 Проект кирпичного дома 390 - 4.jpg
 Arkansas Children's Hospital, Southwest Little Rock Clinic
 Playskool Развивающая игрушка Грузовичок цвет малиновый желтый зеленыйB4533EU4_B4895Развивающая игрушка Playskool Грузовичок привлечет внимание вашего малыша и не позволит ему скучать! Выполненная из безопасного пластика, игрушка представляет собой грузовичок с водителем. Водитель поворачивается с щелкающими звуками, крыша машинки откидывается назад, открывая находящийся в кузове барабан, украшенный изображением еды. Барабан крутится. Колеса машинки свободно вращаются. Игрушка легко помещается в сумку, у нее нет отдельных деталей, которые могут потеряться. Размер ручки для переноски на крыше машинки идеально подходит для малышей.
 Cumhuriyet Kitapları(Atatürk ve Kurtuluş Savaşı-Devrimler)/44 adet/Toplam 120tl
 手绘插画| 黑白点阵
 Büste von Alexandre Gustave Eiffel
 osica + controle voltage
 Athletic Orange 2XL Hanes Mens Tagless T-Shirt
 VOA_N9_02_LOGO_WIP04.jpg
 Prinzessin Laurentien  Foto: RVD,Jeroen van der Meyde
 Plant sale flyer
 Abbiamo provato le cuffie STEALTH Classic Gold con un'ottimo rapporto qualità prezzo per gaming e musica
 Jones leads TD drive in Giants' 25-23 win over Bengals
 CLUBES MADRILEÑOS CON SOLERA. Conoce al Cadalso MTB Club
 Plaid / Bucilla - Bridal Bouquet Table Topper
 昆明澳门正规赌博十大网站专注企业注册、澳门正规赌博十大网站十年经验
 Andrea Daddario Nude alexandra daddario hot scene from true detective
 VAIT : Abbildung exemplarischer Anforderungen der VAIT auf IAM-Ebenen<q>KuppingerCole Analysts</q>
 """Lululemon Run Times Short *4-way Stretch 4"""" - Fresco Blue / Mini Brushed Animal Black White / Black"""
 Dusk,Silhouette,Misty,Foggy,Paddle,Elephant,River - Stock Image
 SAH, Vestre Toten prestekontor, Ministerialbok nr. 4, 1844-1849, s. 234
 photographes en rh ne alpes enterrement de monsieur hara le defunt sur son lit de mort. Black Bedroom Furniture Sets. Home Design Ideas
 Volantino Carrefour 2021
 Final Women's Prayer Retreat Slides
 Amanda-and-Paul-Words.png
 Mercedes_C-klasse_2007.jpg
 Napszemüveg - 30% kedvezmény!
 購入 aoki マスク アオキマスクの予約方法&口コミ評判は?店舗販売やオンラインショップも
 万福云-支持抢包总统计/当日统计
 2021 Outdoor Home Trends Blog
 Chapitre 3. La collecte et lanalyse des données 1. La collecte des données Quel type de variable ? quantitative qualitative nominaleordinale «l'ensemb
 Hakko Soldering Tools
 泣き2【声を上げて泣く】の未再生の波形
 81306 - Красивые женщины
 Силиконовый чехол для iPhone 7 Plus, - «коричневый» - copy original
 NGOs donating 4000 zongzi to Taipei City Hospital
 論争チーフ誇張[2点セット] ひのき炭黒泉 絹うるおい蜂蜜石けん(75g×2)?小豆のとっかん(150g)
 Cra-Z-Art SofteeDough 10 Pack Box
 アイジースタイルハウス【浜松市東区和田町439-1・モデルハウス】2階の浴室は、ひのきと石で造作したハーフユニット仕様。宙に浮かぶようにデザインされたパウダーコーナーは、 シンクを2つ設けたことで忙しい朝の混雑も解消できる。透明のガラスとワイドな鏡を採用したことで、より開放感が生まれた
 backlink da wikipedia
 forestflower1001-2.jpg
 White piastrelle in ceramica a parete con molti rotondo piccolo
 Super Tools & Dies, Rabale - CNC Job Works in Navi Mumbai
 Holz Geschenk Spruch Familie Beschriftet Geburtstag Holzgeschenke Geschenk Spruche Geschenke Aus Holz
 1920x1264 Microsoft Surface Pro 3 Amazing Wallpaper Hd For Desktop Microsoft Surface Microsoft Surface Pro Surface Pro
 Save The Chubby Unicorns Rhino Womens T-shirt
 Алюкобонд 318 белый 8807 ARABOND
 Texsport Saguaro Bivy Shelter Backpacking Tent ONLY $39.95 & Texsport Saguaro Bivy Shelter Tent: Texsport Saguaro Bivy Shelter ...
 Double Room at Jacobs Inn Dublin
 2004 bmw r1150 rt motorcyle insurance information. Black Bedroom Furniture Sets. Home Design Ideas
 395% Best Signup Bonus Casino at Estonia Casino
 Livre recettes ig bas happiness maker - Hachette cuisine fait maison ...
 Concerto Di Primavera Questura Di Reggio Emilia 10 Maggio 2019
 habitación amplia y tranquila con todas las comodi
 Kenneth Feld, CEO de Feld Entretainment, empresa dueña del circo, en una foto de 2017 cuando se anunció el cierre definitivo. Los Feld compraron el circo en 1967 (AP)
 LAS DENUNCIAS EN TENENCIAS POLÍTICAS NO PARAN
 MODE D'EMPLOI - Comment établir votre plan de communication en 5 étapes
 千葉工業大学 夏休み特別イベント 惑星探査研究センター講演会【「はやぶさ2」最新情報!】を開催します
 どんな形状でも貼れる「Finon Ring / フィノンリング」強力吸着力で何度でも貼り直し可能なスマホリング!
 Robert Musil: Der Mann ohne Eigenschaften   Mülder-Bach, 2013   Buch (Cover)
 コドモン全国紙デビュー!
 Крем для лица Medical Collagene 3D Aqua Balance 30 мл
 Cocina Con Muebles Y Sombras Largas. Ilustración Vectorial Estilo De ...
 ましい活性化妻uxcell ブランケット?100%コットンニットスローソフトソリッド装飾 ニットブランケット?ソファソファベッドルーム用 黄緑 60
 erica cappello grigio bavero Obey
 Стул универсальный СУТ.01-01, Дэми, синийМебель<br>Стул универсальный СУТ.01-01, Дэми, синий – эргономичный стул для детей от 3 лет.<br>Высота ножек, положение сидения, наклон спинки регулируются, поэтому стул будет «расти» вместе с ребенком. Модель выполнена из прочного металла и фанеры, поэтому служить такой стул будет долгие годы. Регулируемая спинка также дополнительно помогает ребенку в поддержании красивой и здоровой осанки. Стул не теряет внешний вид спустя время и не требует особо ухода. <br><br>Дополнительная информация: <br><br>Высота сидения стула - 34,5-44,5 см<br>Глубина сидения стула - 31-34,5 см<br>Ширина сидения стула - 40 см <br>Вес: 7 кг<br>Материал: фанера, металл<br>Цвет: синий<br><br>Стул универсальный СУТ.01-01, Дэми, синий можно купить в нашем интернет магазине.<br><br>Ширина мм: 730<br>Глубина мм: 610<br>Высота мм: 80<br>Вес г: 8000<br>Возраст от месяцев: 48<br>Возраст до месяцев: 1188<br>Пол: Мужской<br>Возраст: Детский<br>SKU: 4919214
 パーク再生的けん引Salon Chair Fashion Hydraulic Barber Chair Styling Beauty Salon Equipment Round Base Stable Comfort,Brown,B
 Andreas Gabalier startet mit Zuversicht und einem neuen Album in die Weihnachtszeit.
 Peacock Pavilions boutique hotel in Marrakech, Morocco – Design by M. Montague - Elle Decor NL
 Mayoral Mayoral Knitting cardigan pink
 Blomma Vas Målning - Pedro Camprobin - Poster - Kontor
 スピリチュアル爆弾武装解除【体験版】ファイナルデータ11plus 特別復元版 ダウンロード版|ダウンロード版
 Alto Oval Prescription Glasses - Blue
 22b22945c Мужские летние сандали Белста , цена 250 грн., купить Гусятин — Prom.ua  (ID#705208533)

-- -- --

> **TO DO**:
The lines above that hold the word "Home" should be found and copied out.

> **FINISHED TASK**:
 photographes en rh ne alpes enterrement de monsieur hara le defunt sur son lit de mort. Black Bedroom Furniture Sets. Home Design Ideas
 2021 Outdoor Home Trends Blog
 2004 bmw r1150 rt motorcyle insurance information. Black Bedroom Furniture Sets. Home Design Ideas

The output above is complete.